Packaging News
Smurfit Kappa hit with £9k fine for worker injury
Packaging and recycling company Smurfit Kappa has been ordered to pay £9,204 after an employee broke his ribs when he was forced onto a metal conveyor belt by a reversing van.
The incident, which happened at the company’s Preston plant in September 2009, saw the 60-year-old unnamed member of staff injured while he was pushing waste cardboard onto a conveyor belt.
The company, which has its head office in Liverpool, was found guilty of breaching Regulation 17 of the Workplace (Health, Safety and Welfare) Regulations 1992 because it failed to allow pedestrians and vehicles to work or move safely.
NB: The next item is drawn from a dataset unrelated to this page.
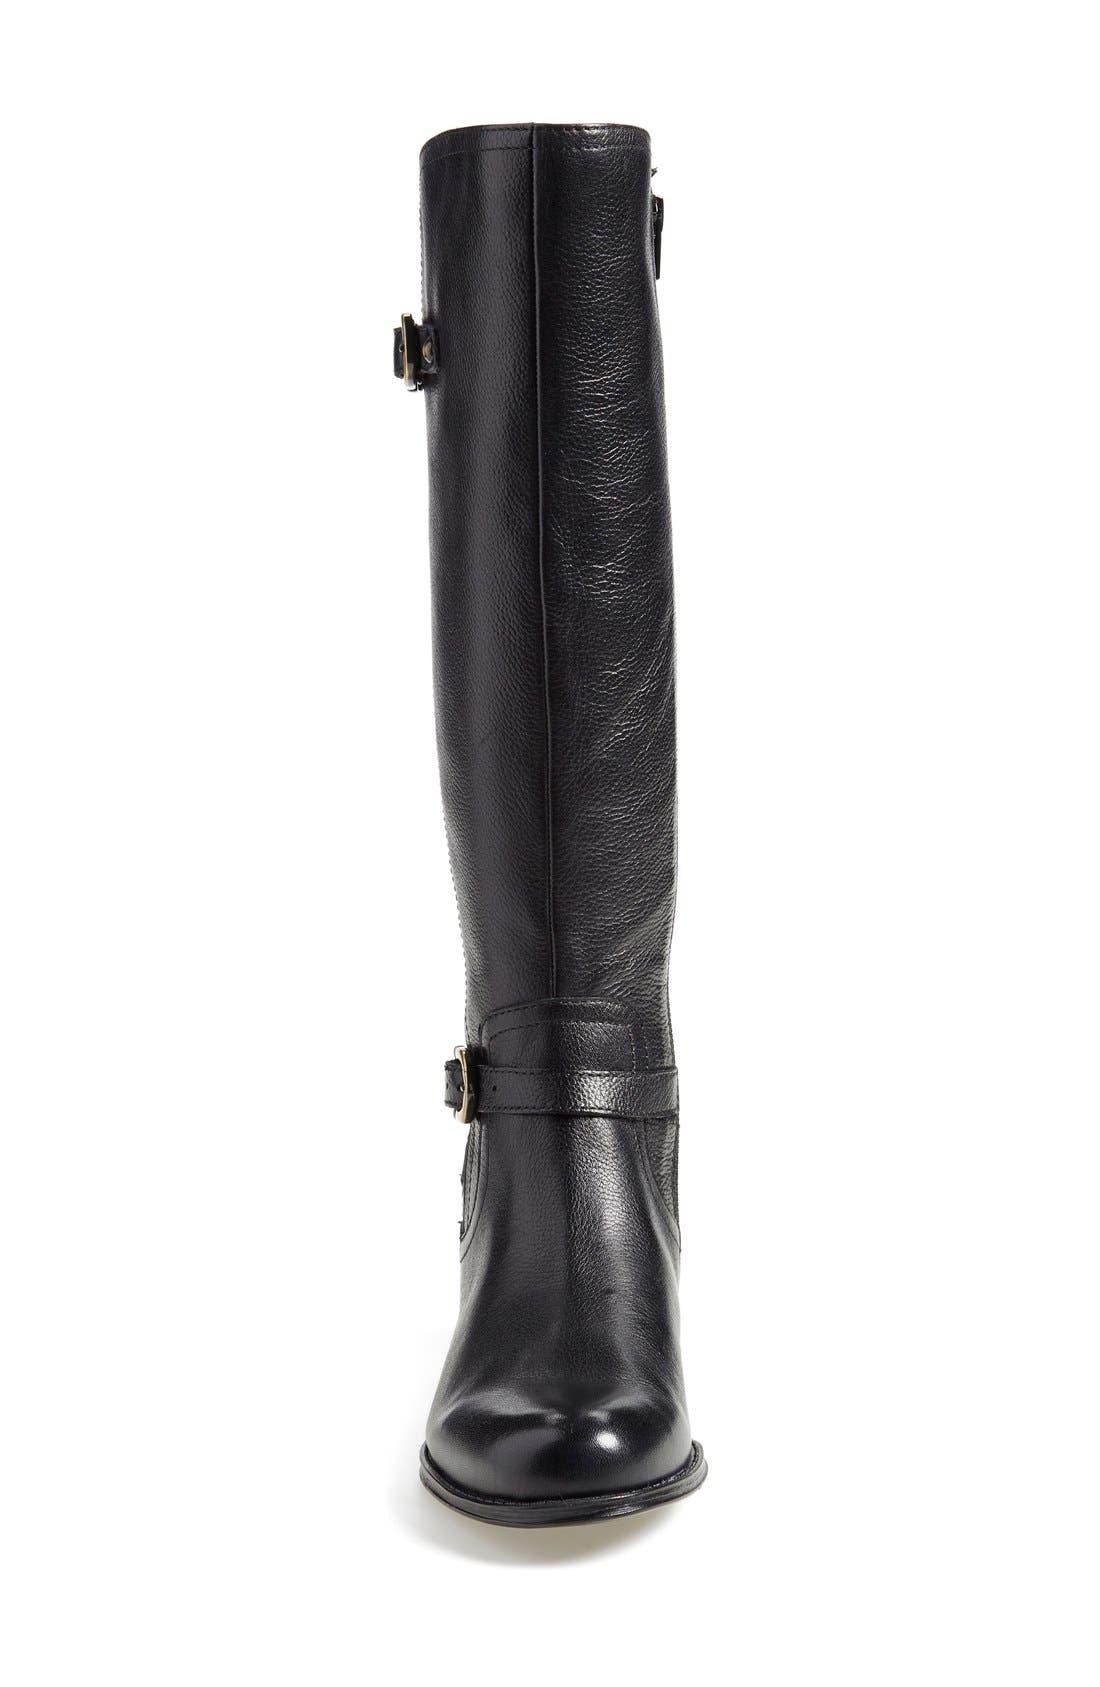 'Jennings' Knee High Boot,                             Alternate thumbnail 3, color,                             Black Leather

Preston Magistrates Court fined Smurfit Kappa £5,000 and ordered it to pay £4,204 costs on 13 October
Imran Siddiqui, the investigation inspector at the Health and Safety Executive, said: “If he (the employee) had been hit harder by the vehicle, or forced into the machine which baled the cardboard, then his injuries may have been a lot more severe.
“The company failed to control the movement of vehicles in the warehouse, despite waste materials regularly being delivered to the site. There should also have been a segregated area for pedestrians so there was no chance of anyone being injured by reversing vans.”
The company declined to comment on the incident when contacted by Packaging News.